Evaluation of the Ability of MSCs and Their EVs to Promote Mitochondrial Transfer and AM Modulation in vitro

AMs co-cultured with E-MSCs demonstrated higher density of MitoTracker deep red (light pink histogram) compared with those co-cultured with H-MSCs (light blue histogram) (Figure 5A). Such findings might be interpreted as a single macrophage tending to receive more mitochondria from E-MSCs (than H-MSCs), or that these cells tend to donate more mitochondria than H-MSCs. Conversely, H-EVs were found to donate more mitochondria to AMs than E-EVs, as assessed by an increase in the percentage of CD45⁺MitoTracker⁺ cells (Figure 5B).

FIGURE 5

Figure 5. Mitochondrial transfer from healthy or emphysematous MSCs and EVs to alveolar macrophages (MΦ). (A) Intensity of MitoRed fluorescence of healthy (H) or emphysematous (E) MSCs decreased after direct co-culture with MΦ (light blue and pink histograms, respectively). The extent of mitochondrial transfer to MΦ was measured by flow cytometry. Co-culture of MΦ with MitoRed-pretreated H-MSCs and E-MSCs resulted in increased MitoRed (APC⁺) mean fluorescent intensity of MΦ. (B) Scatter plots show MΦ and EV after 24 h in co-culture. The presence of CD45⁺ MΦ, demonstrating acquisition of MitoRed fluorescence (APC⁺), indicates that mitochondrial transfer occurs from H-EVs and E-EVs. Data are representative of three independent experiments. The histograms represented graphically in (A) are from a single representative experiment. *P < 0.05 vs. the MΦ + H-MSC.
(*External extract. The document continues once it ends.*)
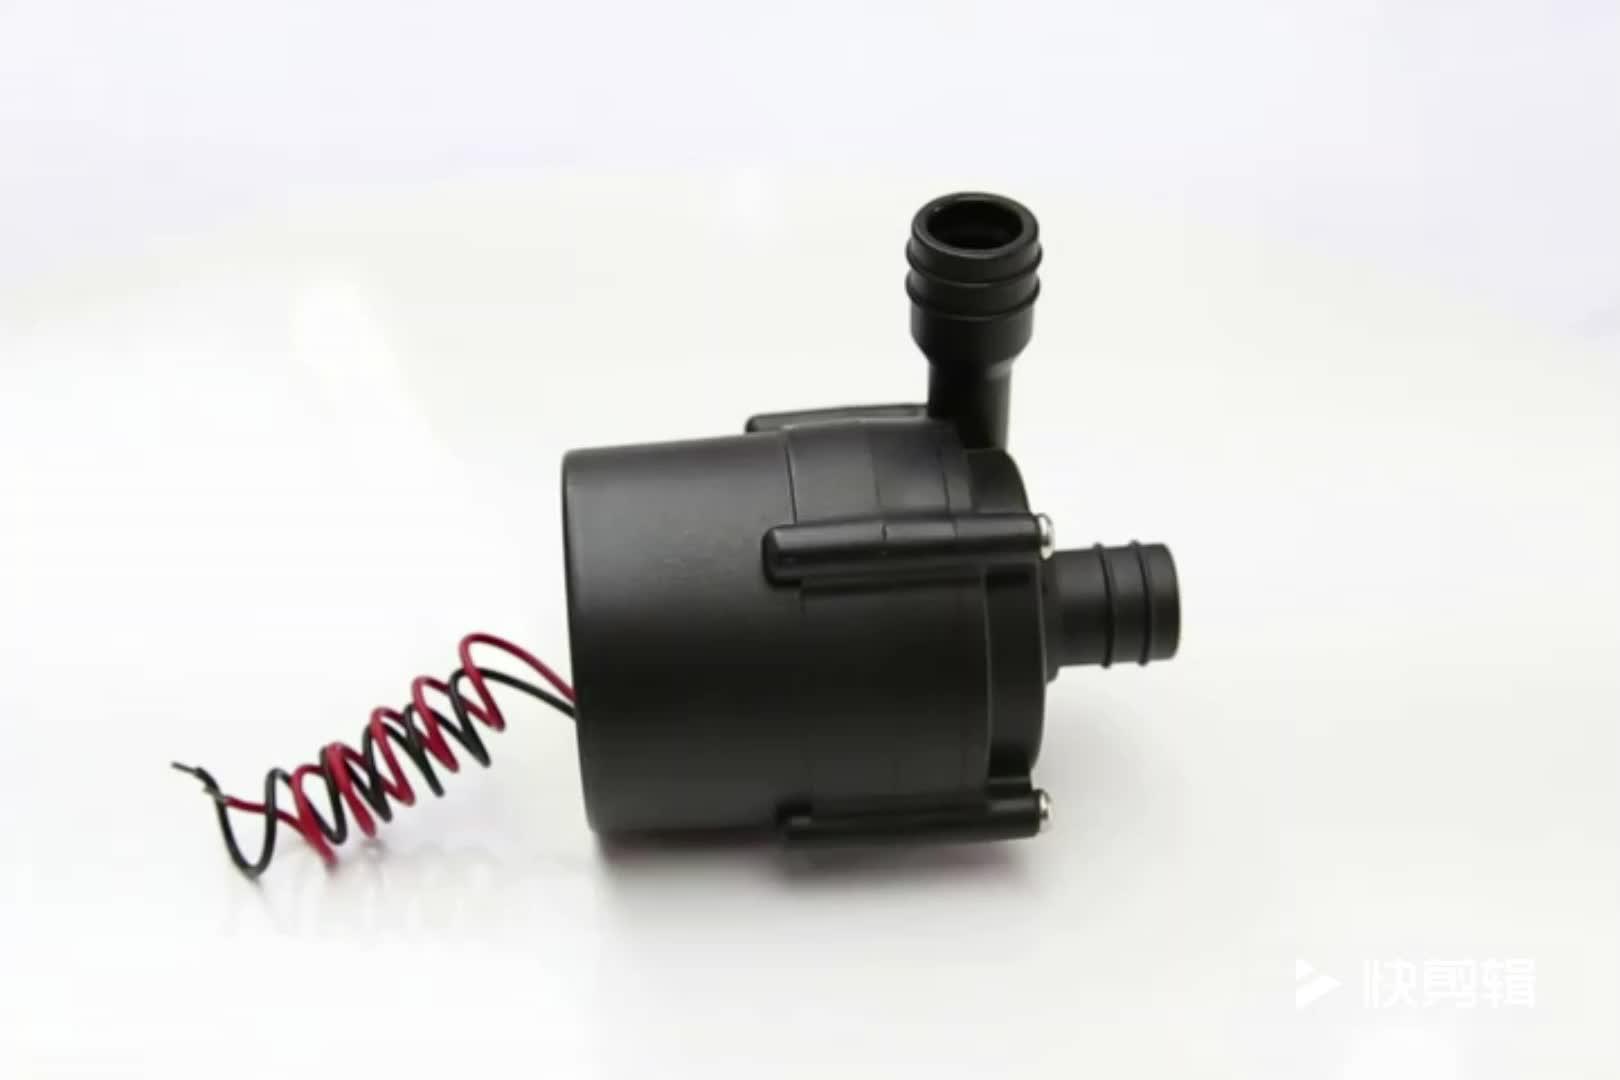 TOPSFLO TL-C01 12 v 24 v điện ly tâm không chổi than dc máy bơm nước mini

To evaluate whether there was improvement of oxidative capacity of AMs induced by mitochondrial transfer, O₂ consumption by AMs was measured after 24 h of direct co-culture of these cells with H-EVs or E-EVs (Supplementary Figure 5). Although there was no difference between groups in the routine O₂ consumption, AMs exhibited significant increases in spare respiratory capacity and in maximal O₂ consumption after 24 h of co-culture with H-EVs (Supplementary Figure 5).

AMs co-cultured with H-MSCs demonstrated an increase in mRNA levels of arginase-1 and IL-10 (Figure 6). H-MSCs also promoted an increase in expression levels of iNOS and MMP9, although these were even greater when AMs were co-cultured with E-MSCs. Furthermore, AMs co-cultured with E-MSCs demonstrated increased mRNA levels of arginase-1. H-EVs, but not E-EVs, were able to induce an increase in IL-10 expression by AMs.

FIGURE 6

Figure 6. Direct co-culture of MSCs and EVs from healthy or emphysematous donors modulates the alveolar macrophage (MΦ) profile. H-MSCs, 1 × 10⁶ bone marrow-derived mesenchymal stromal cells (BM-MSCs) obtained from healthy donors; E-MSCs, 1 × 10⁶ BM-MSCs obtained from emphysematous donors; H-EVs, extracellular vesicles derived from 1 × 10⁶ BM-MSCs obtained from healthy donors; E-EVs, extracellular vesicles derived from 1 × 10⁶ BM-MSCs obtained from emphysematous donors. Data are expressed as medians (interquartile range) of 5–6 samples in each group. *P < 0.05 vs. MΦ. **P < 0.05 vs. the H-MSC. ***P < 0.05 vs. the E-MSC. ^&P < 0.05 vs. the H-EV.

Effects of MSCs and EVs From Healthy and Emphysematous Donors in a Murine Model of Severe Emphysema

Compared with the C group, ELA-SAL animals demonstrated increased protein levels of IL-1β and TGF-β and reduced IL-10 levels in lung tissue (Figure 7). Both H-MSCs and E-MSCs led to an increase in IL-10 levels, but had no significant effects on IL-1β and TGF-β levels in comparison with ELA-SAL. On the other hand, H-EVs and E-EVs were able to reduce TGF-β levels. Furthermore, H-EVs, but not E-EVs, reduced IL-1β levels compared with ELA-SAL animals.

FIGURE 7

Figure 7. Levels of IL-1β (A), IL-10 (B), and TGF-β (C) in lung tissue. C, intratracheal instillation of 50 μL of saline; ELA, intratracheal instillation of 0.2 IU of pancreatic porcine elastase; SAL, intravenous injection of 50 μL of saline; H-MSCs, 1 × 10⁶ bone marrow-derived mesenchymal stromal cells (BM-MSCs) obtained from healthy donors; E-MSCs, 1 × 10⁶ BM-MSCs obtained from emphysematous donors; H-EVs, extracellular vesicles derived from 1 × 10⁶ BM-MSCs obtained from healthy donors; E-EVs, extracellular vesicles derived from 1 × 10⁶ BM-MSCs obtained from emphysematous donors. IL-1β, interleukin-1β; IL-10, interleukin-10; TGF-β, transforming growth factor-β. Data are expressed as means ± standard deviation of 7–10 animals/group. *P < 0.05 vs. the C group. ^#P < 0.05 vs. the ELA-SAL group. **P < 0.05 vs. the H-MSC group.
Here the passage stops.